I've always been told that you inherit the hair genes from your mother's relatives.

But apparently, that's a bit of a myth, as baldness can come from either side of the family, or both. Looking at your family can give you at best, an educated guess about how you'll turn out.

When I look at my father, he's already missing most of the hair on top of his head. Maybe he put that mirror there to see if anything grows back?

"I had nothing to do with it," he said when I asked him to explain. "There was nothing sinister about putting it there, but I'm not really sure why we did."

Sure dad.

Another myth of hair loss is that wearing a hat to often can cause it. This is completely false, thankfully, as I may have to resort to wearing a ball cap for the rest of my life.

Did you know you lose up to 100 hairs per day normally? These hairs have finished their three-year life span and are ready to be shed, then replaced, or... not.

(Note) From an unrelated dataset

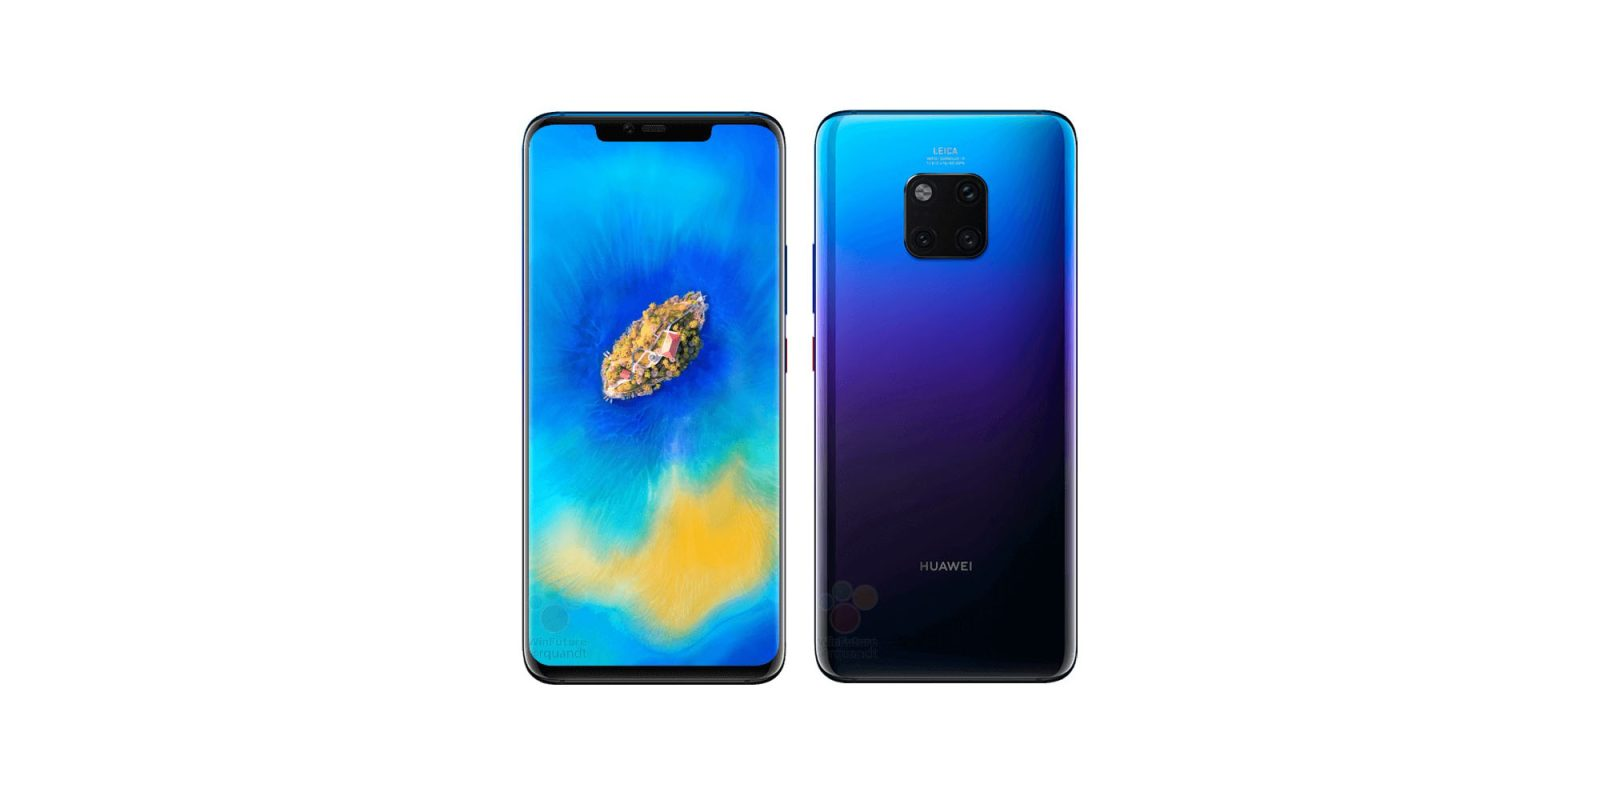 Huawei Mate 20 y Mate 20 Pro llegan a México con Telcel

Many conditioners, shampoos, vitamins, and other products claim to help hair grow in some unspecified way. These are harmless but useless. To slow down hair loss, there are two options:

Minoxidil (brand name: Rogaine): This topical application is over-the-counter, no prescription is required. It works best on the crown, less on the frontal region. Available as a 2% solution, Rogaine may grow a little hair, but is better at holding onto what's still there.

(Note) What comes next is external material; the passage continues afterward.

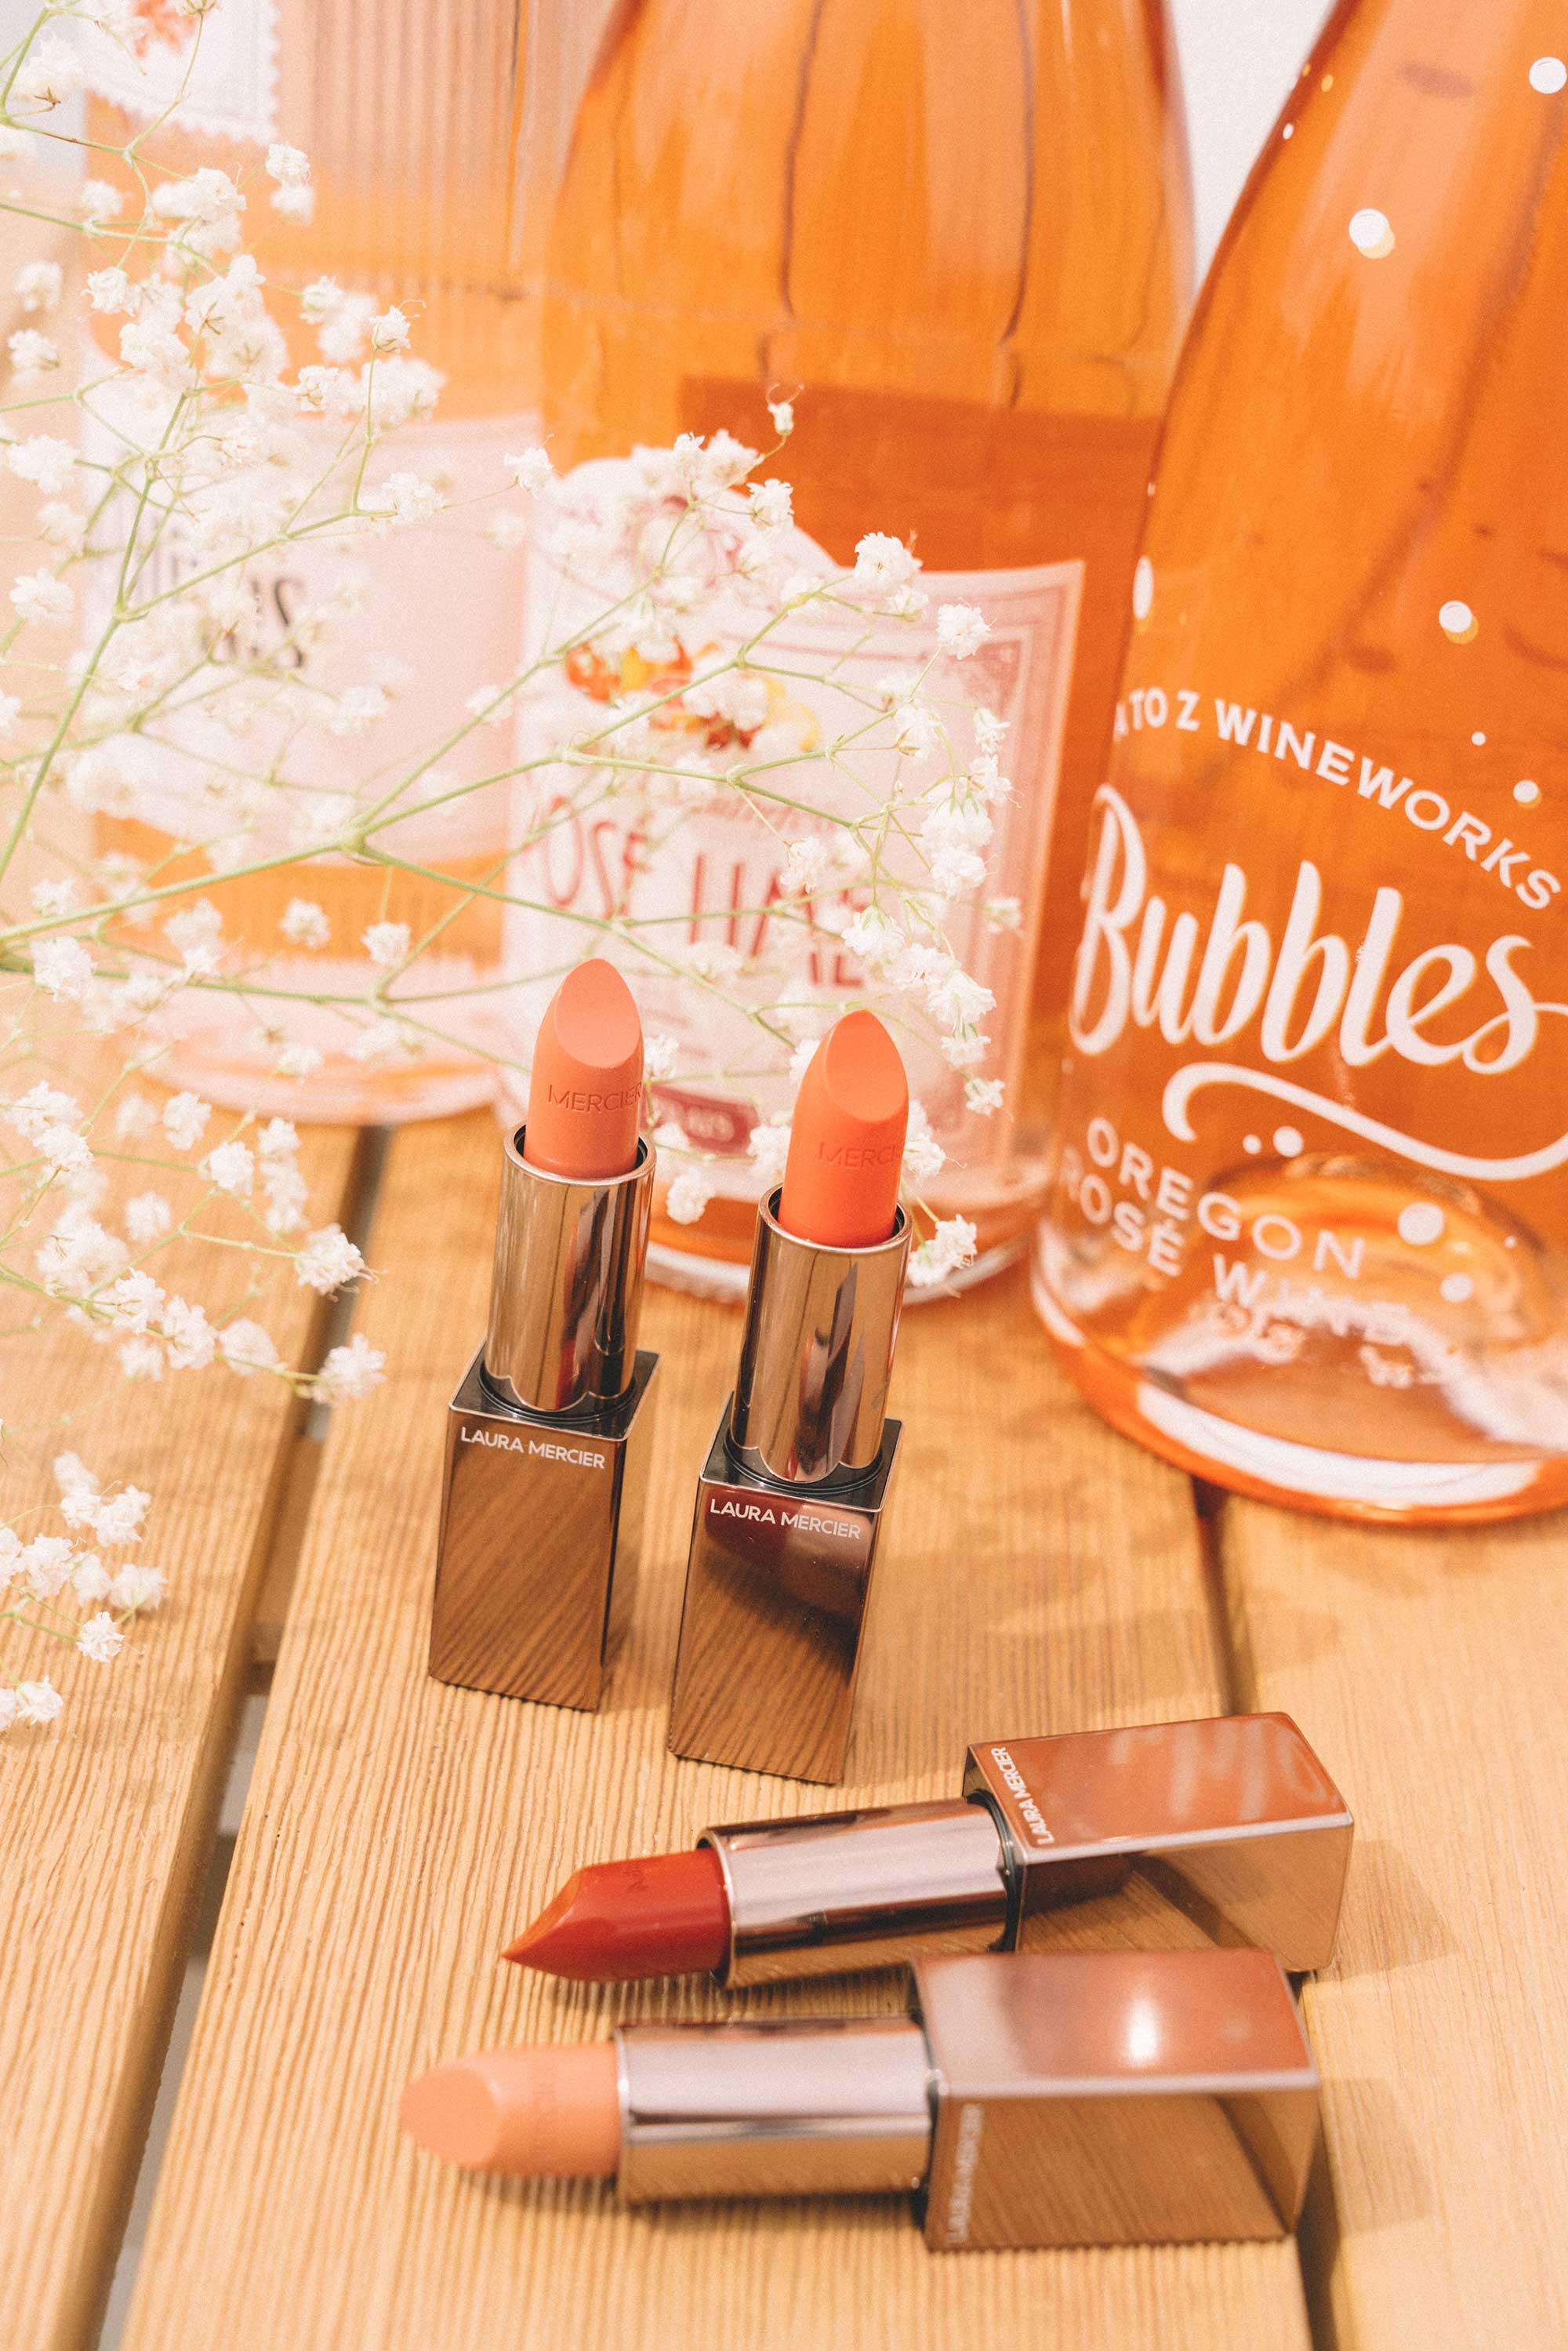 Laura-Mercier-Rouge-Essential-Silky-Creme-Lipstick2.jpg

Finasteride (brand name: Propecia): This is a lower-dose version of a drug that shrinks prostates in middle-aged men. Propecia is by prescription and is taken once a day. Propecia seems to do a nice job of retaining hair, however, it may also grow or thicken hair a little.

Other options include hairpieces and weaving (never) or surgery.

For me, I'm prepared to live with what I've still got up there, and pray that it hangs on as long as possible. This loss is an inexorable fact of life, and I am prepared to deal with it mentally.

But I don't need a stupid mirror, mirror on the wall to throw reality in my face.